▶ What is expected
Go through the entries below. Copy out every line that contains "with".
---------- Information
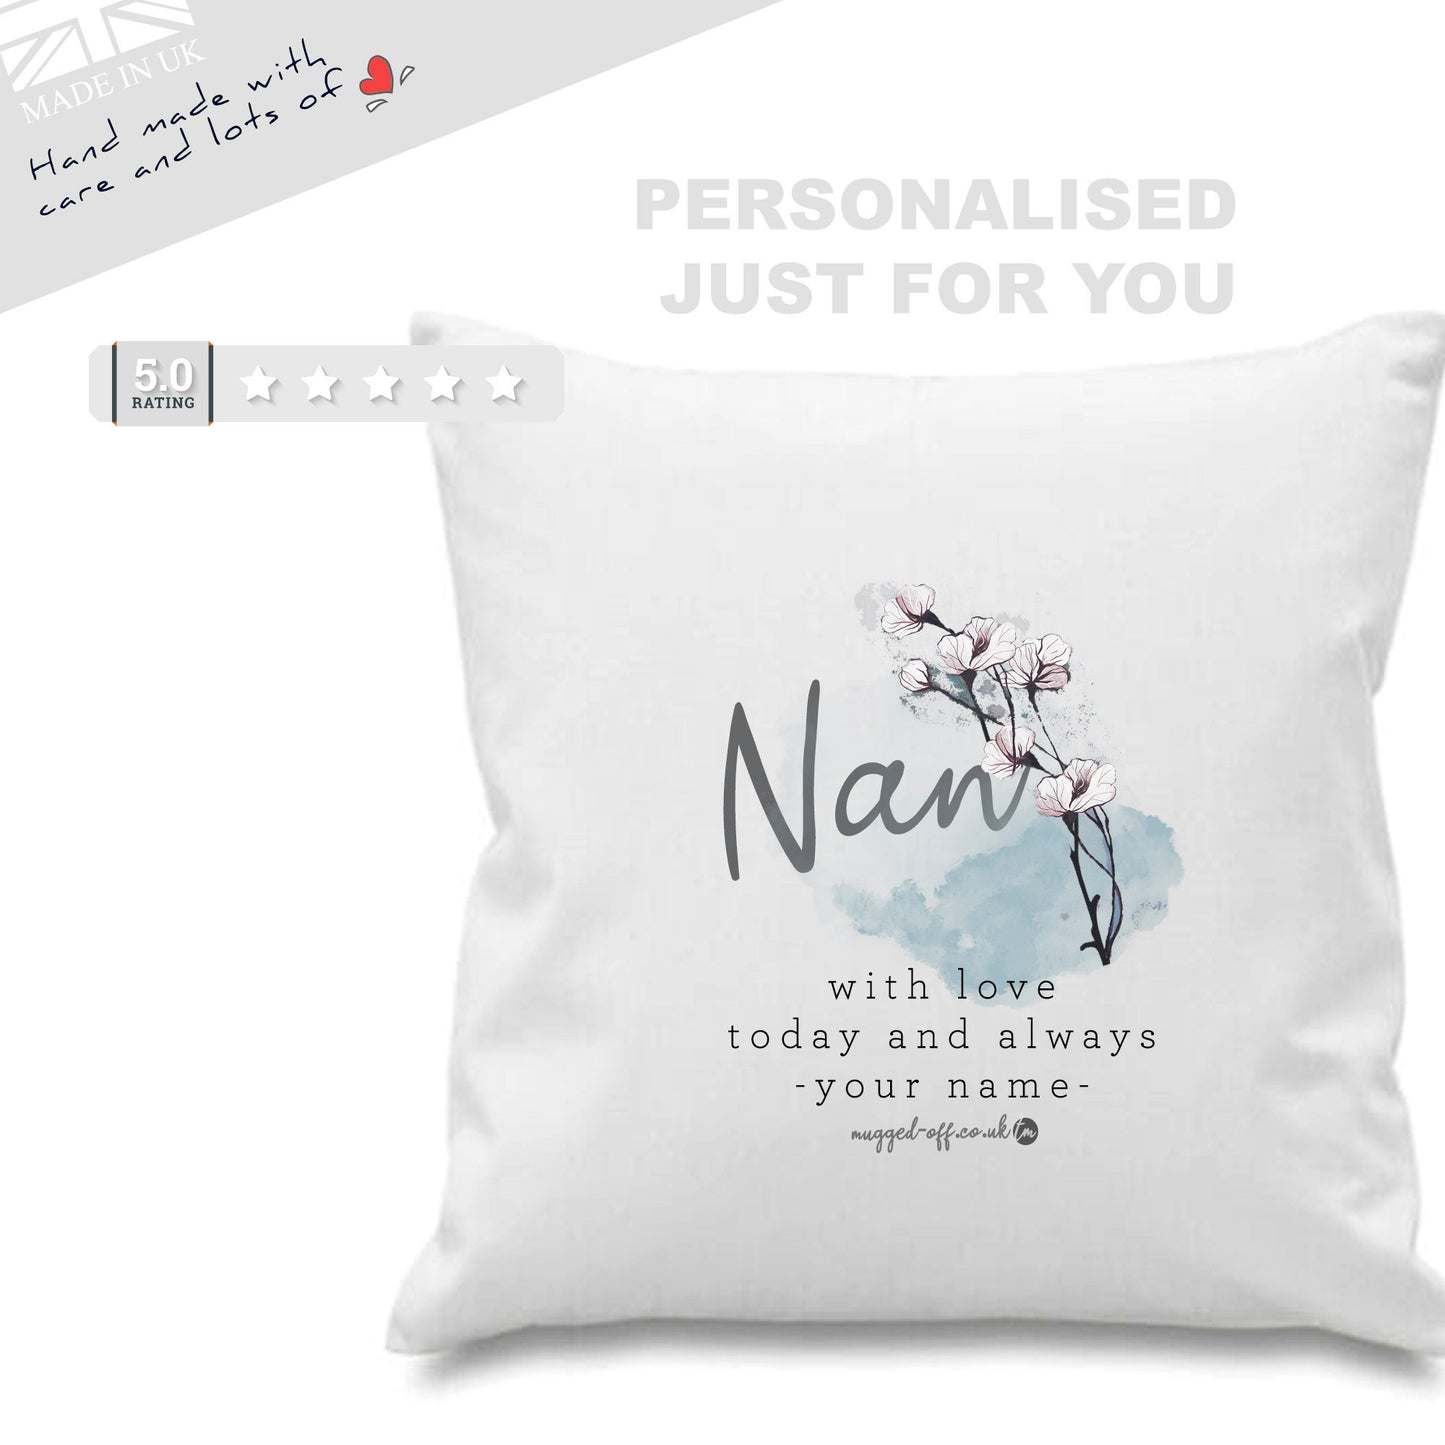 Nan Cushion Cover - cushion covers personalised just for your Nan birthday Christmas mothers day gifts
--------------------
---------- Information
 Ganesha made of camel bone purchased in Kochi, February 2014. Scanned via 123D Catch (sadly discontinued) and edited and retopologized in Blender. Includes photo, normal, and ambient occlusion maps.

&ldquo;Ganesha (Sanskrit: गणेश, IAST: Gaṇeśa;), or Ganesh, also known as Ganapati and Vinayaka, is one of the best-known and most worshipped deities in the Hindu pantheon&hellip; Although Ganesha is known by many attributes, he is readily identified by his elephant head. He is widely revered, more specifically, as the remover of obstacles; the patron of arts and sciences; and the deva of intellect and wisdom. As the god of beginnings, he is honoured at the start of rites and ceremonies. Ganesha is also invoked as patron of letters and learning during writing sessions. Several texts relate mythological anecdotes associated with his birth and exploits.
--------------------
---------- Information
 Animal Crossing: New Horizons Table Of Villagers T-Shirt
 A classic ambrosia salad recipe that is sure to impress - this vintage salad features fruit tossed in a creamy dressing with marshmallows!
--------------------
▶ Response below
&ldquo;Ganesha (Sanskrit: गणेश, IAST: Gaṇeśa;), or Ganesh, also known as Ganapati and Vinayaka, is one of the best-known and most worshipped deities in the Hindu pantheon&hellip; Although Ganesha is known by many attributes, he is readily identified by his elephant head. He is widely revered, more specifically, as the remover of obstacles; the patron of arts and sciences; and the deva of intellect and wisdom. As the god of beginnings, he is honoured at the start of rites and ceremonies. Ganesha is also invoked as patron of letters and learning during writing sessions. Several texts relate mythological anecdotes associated with his birth and exploits.
 A classic ambrosia salad recipe that is sure to impress - this vintage salad features fruit tossed in a creamy dressing with marshmallows!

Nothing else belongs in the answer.